第222話 イネちゃんと力の応用

 そういうわけでワクワク捕虜の人を収監する施設を作ろう作戦が始まったのだけれど……。

「なんでこっち、イネちゃんとティラーさんの2人体制なんですかね」

「石工がいないらしいからな、少しでも素養があるか、かじったことのある奴をと言ってたが……」

 ティラーさんだけだったと。

「いやでもそれってイネちゃんが1人で掘るってことだよね?」

「俺が掘れると思うか?」

「まぁ掘るだけなら……」

「すまん、言い方が悪かった。坑道を掘れると思うか、が正しかったな」

 むぅ、言いたいことはわかってたけれど、イネちゃん1人はちょっと寂しいからわがまましてみたんだけどダメだったか。

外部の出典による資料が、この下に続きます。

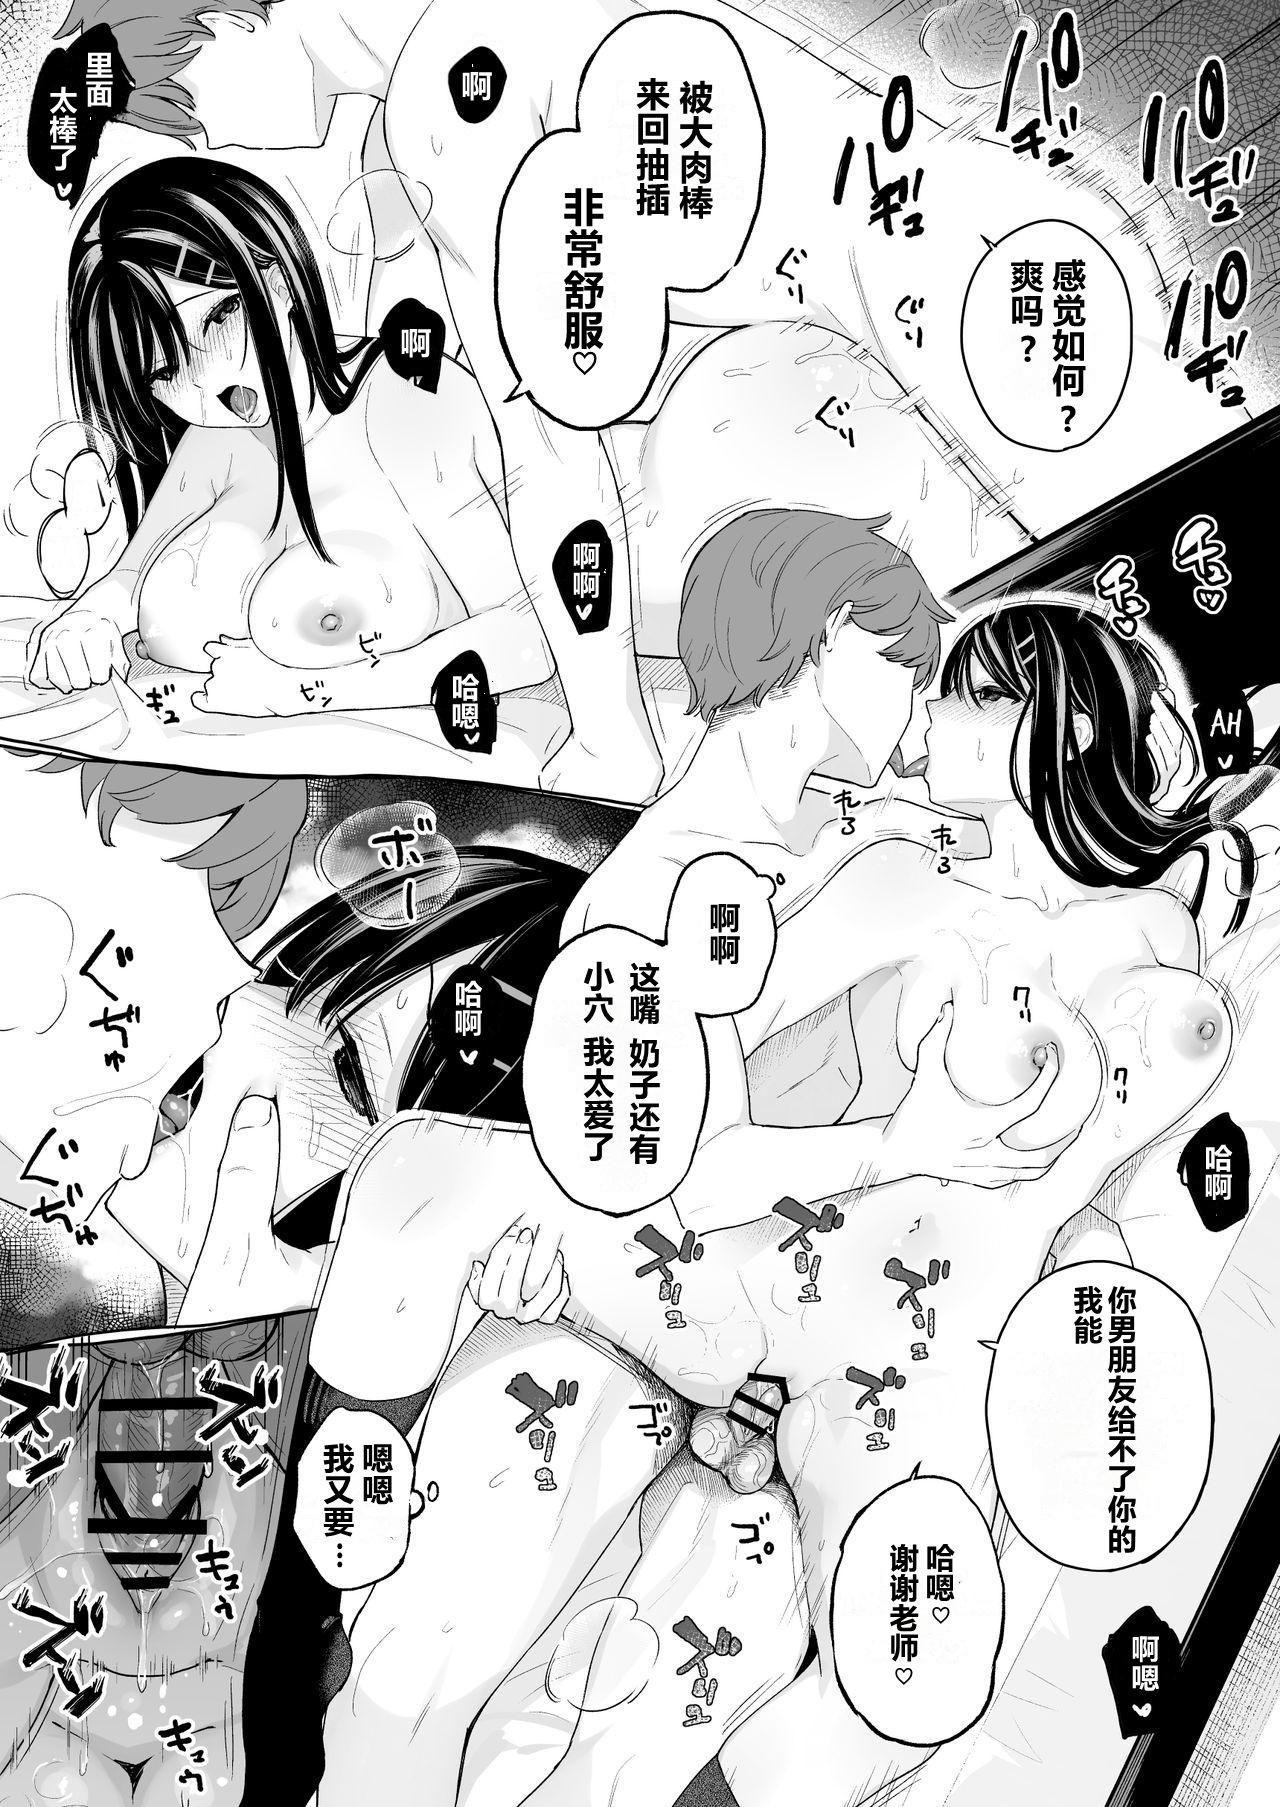 Itomusubi Vol. 4 37

「俺も石家具を1人で作らにゃならんからな……お互い様だ」

 あぁそうか、ただ掘るだけだと本当に押し込めるだけになっちゃうもんね……。

「うん、ごめん。ちょっと寂しくてね、1人で3万人の入る施設を掘るっていうのがちょっと想像しにくくて」

 途方に暮れるっていう言葉があるけれど、イネちゃんはまさにその状態……いやティラーさんも同じだけどさ、3万人分の家具を作らないといけないわけだし。

「ともあれ始めようか、少しづつでも進めないと本気で終わらない」

「……そうだね、もしかしたら捕虜の人の中にできる人がいるかもだしやろっか」

 お互い肩を落としつつ作業を始めるのだけれども、イネちゃんのほうはまず途方に暮れることから始まったのだった。

 ティラーさんのほうはギルドを建築しようとして出ていた石材を削る作業を始めているけれど、イネちゃんのほうはまず掘る全体の大きさと、3万人の人間が生活するという条件で酸欠が起きないようにしなきゃいけないし、生活面でも衣食住の食がしにくくなるというのを回避しなきゃいけないわけで。

「おトイレはどうするかな……うまいこと肥溜めみたいにできればいいのかな」

 そんな感じに思考が巡って作業が全然進まない。

「なぁイネちゃん、まずホールを作ったらどうだ。そこから扇状に通路が伸びるとかでも良さそうだし階層を分けるにしても基点として使えるだろう」

 見かねたのかティラーさんがイネちゃんに向かってアドバイスをとばしてくれる。

「うん、それでもいいとは思うけれど……耐久のほうがどうなのかなって思って。吹き抜けっぽくしちゃうとそこだけ大きくくり抜かれて柱がなくなるからさ、少し強めの地震でも崩落したらそれこそ致命的になっちゃうし」

「受付と食堂、キッチンくらいでいいとは思うが……ほら、ギルドみたいにすれば大丈夫じゃないか」

「ギルドは木造でこっちは山をくり抜く形だから……崩落はどっちも致命的であることは間違いないけど、こっちは勝手口とかないし、家具に関してもティラーさんが作ってるのって木材家具とは違って下に潜れないしさ」

 地球にもこの手の洞窟系住居とかはあるにはあるけれど、イネちゃんはそこに3万人収監する施設とか知らないんだよね。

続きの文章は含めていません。